**Problem statement**
The listing below should be printed exactly, every line of it. Skip the pictures.

**Stored data**

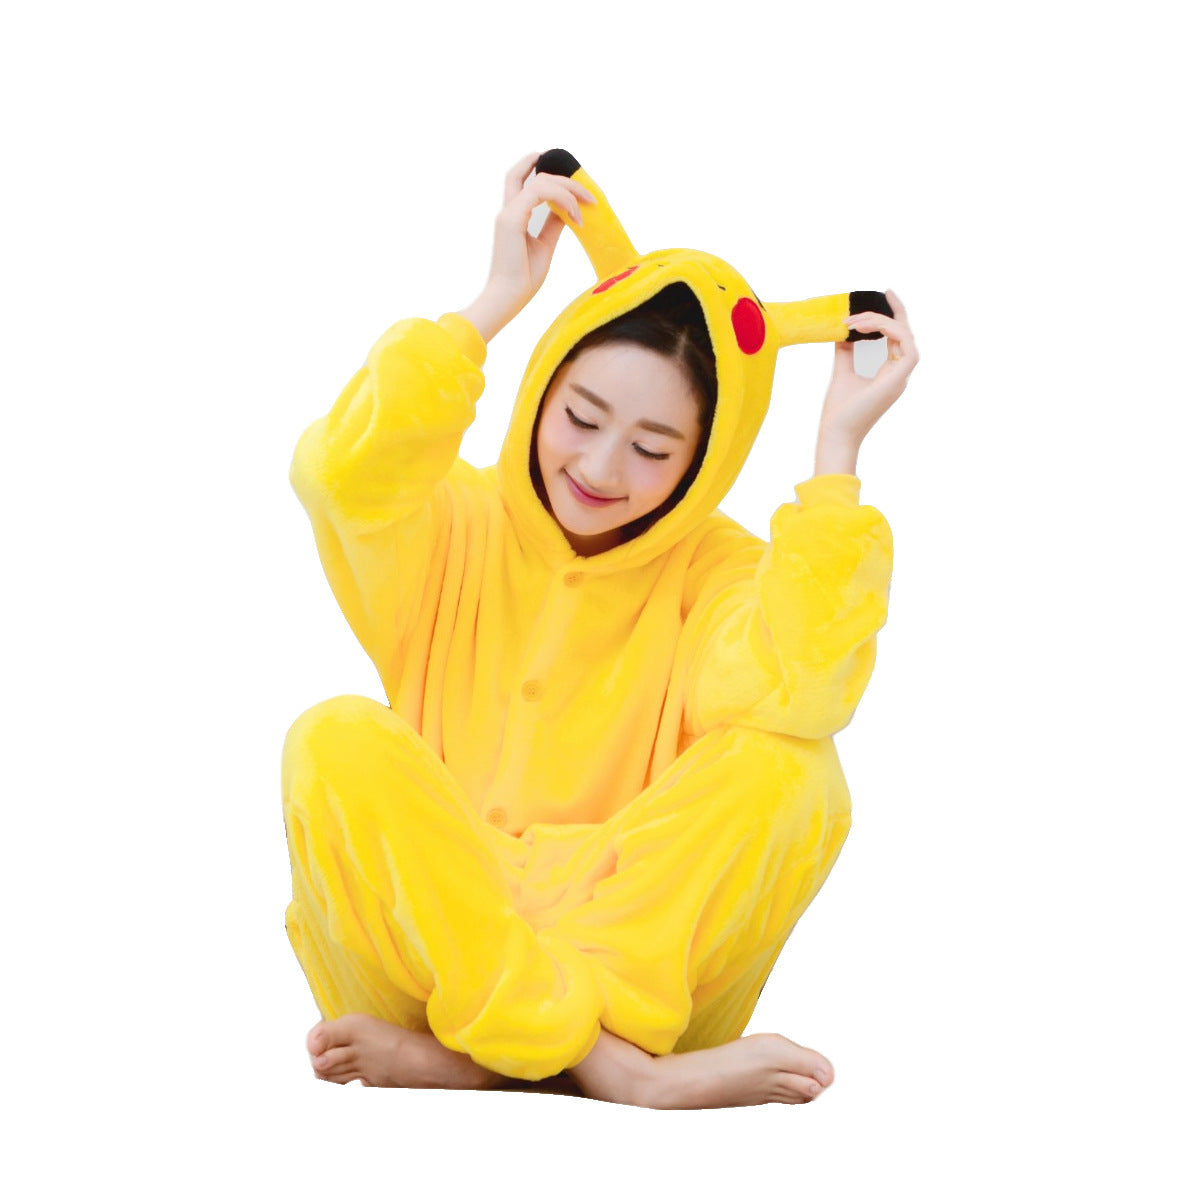 Kids Anime Yellow Halloween Jumpsuit
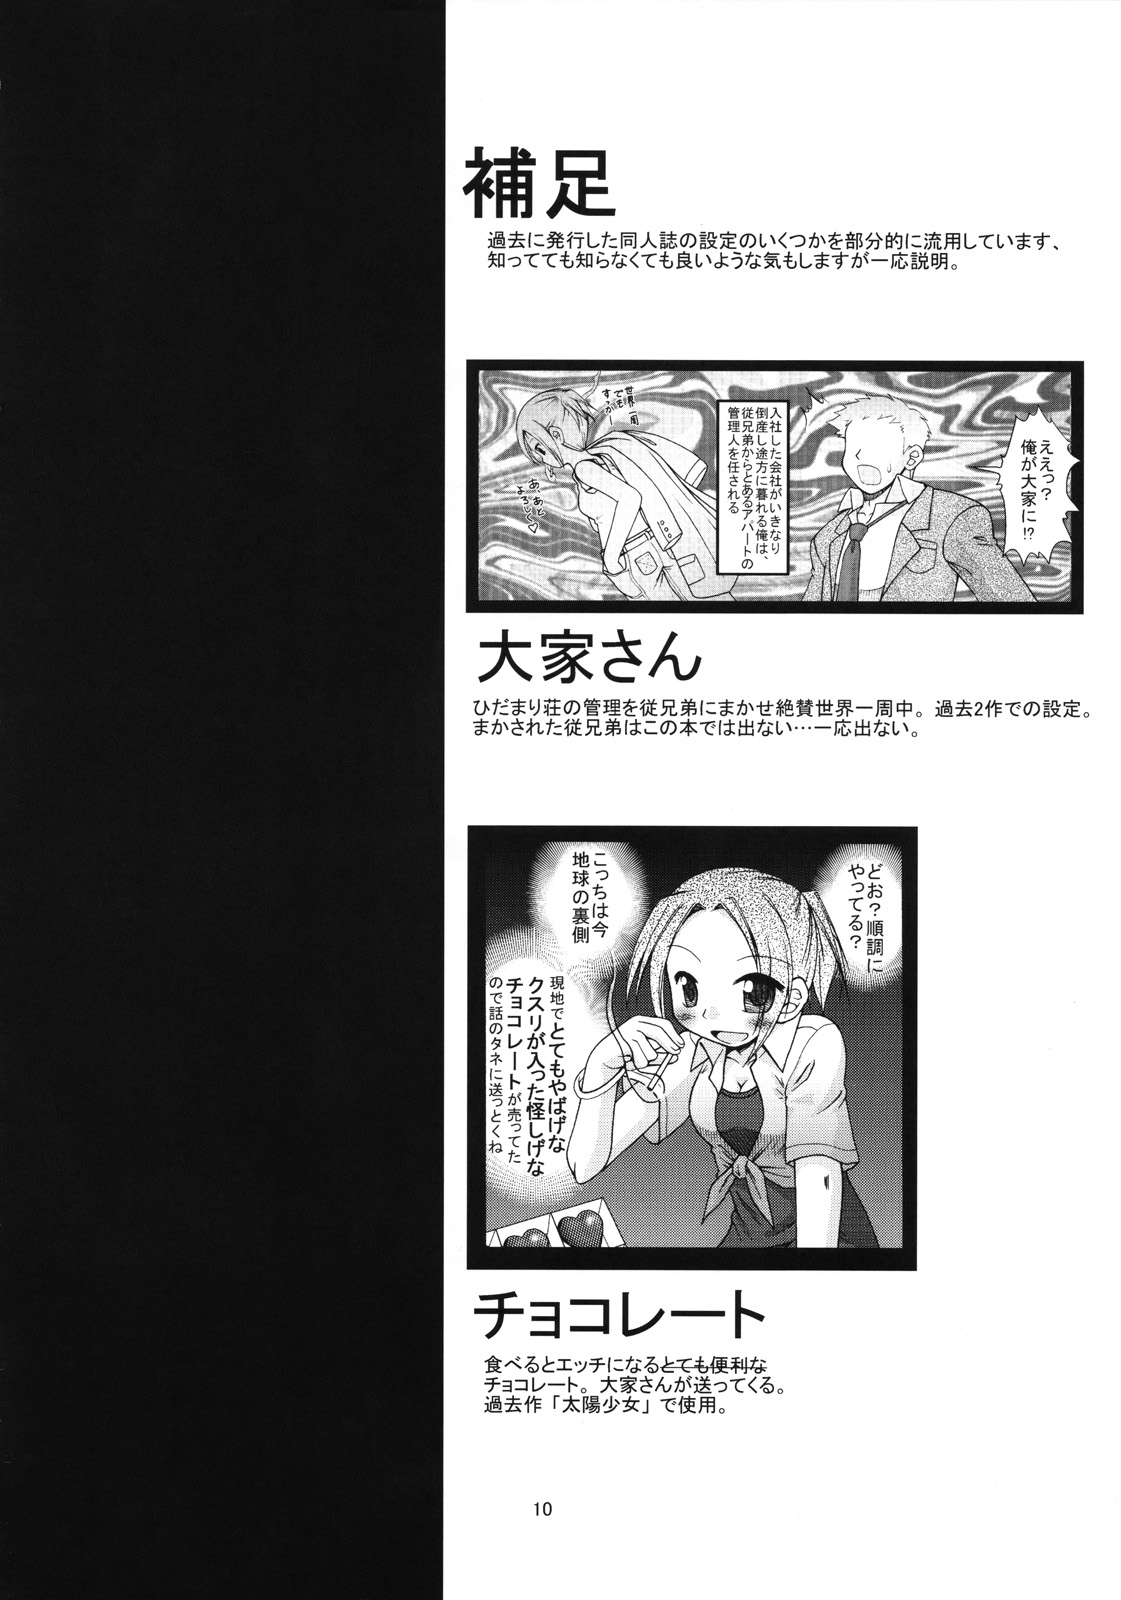 [FESTA. (Yoshitani Motoka)] Bousou Hidamari Tokkyuu (Hidamari Sketch) page 9 full
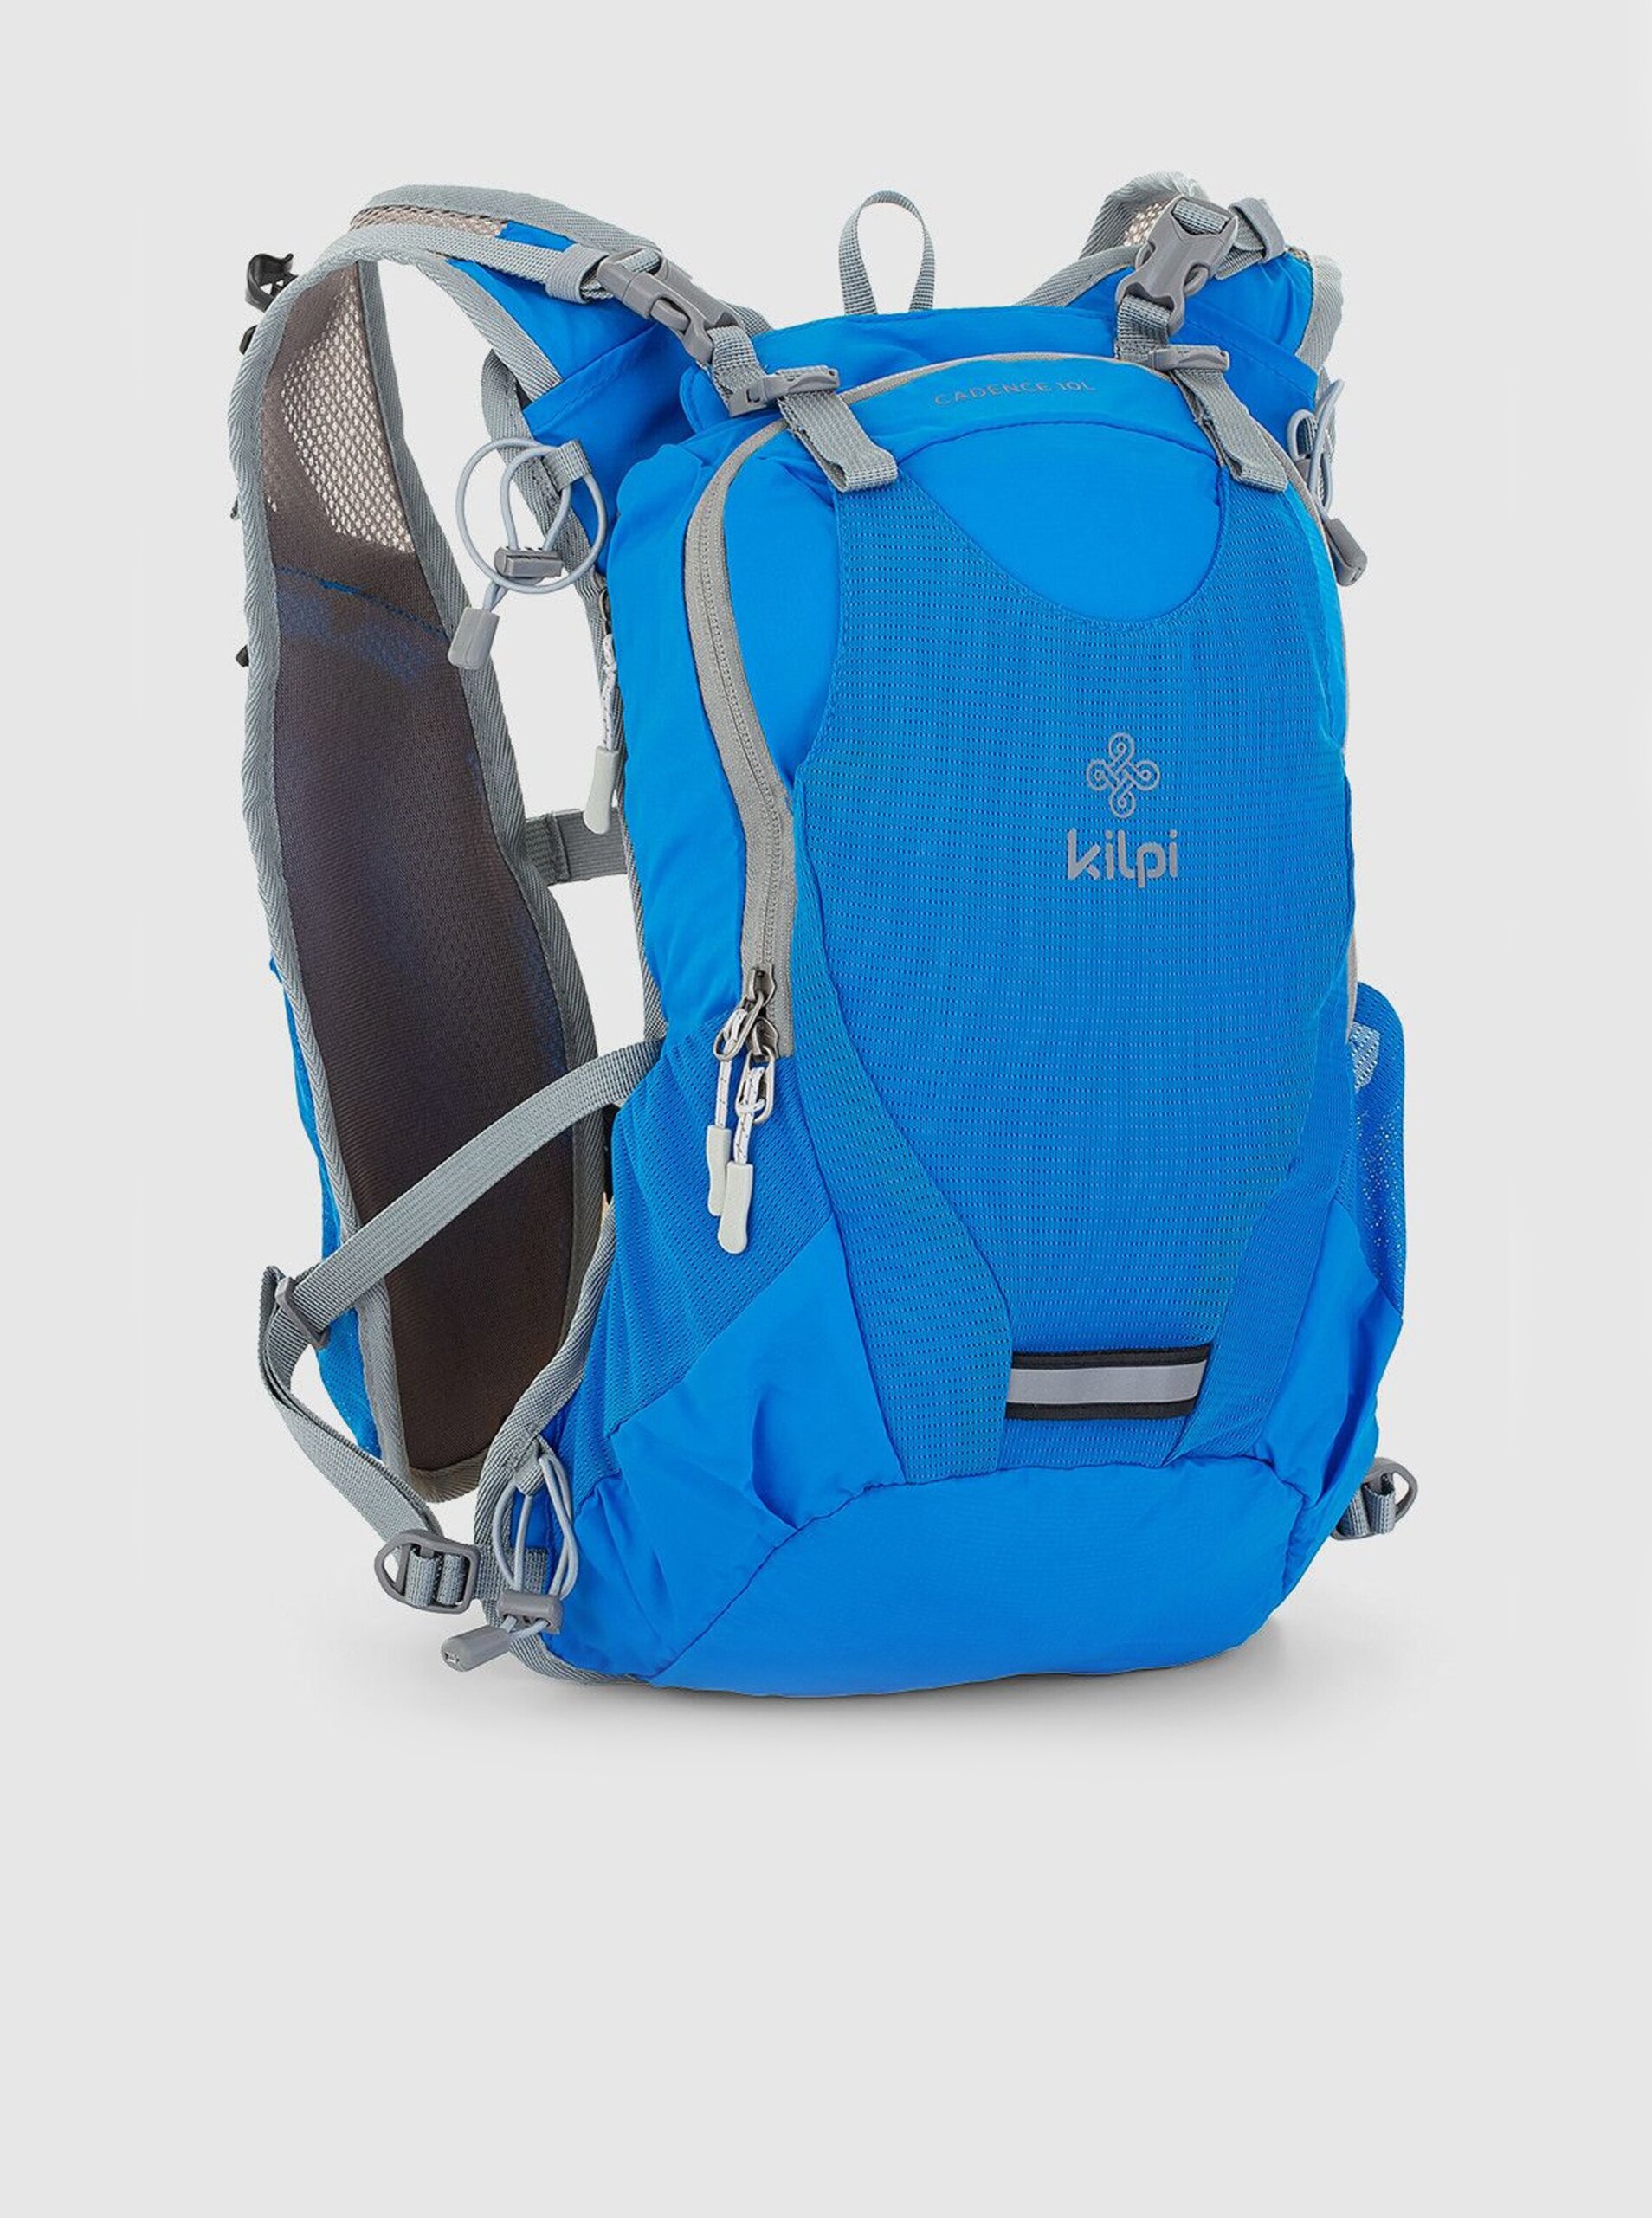 Lacno Modrý unisex športový ruksak Kilpi CADENCE (10 l)

**Finished task**
 Kids Anime Yellow Halloween Jumpsuit
 [FESTA. (Yoshitani Motoka)] Bousou Hidamari Tokkyuu (Hidamari Sketch) page 9 full
 Lacno Modrý unisex športový ruksak Kilpi CADENCE (10 l)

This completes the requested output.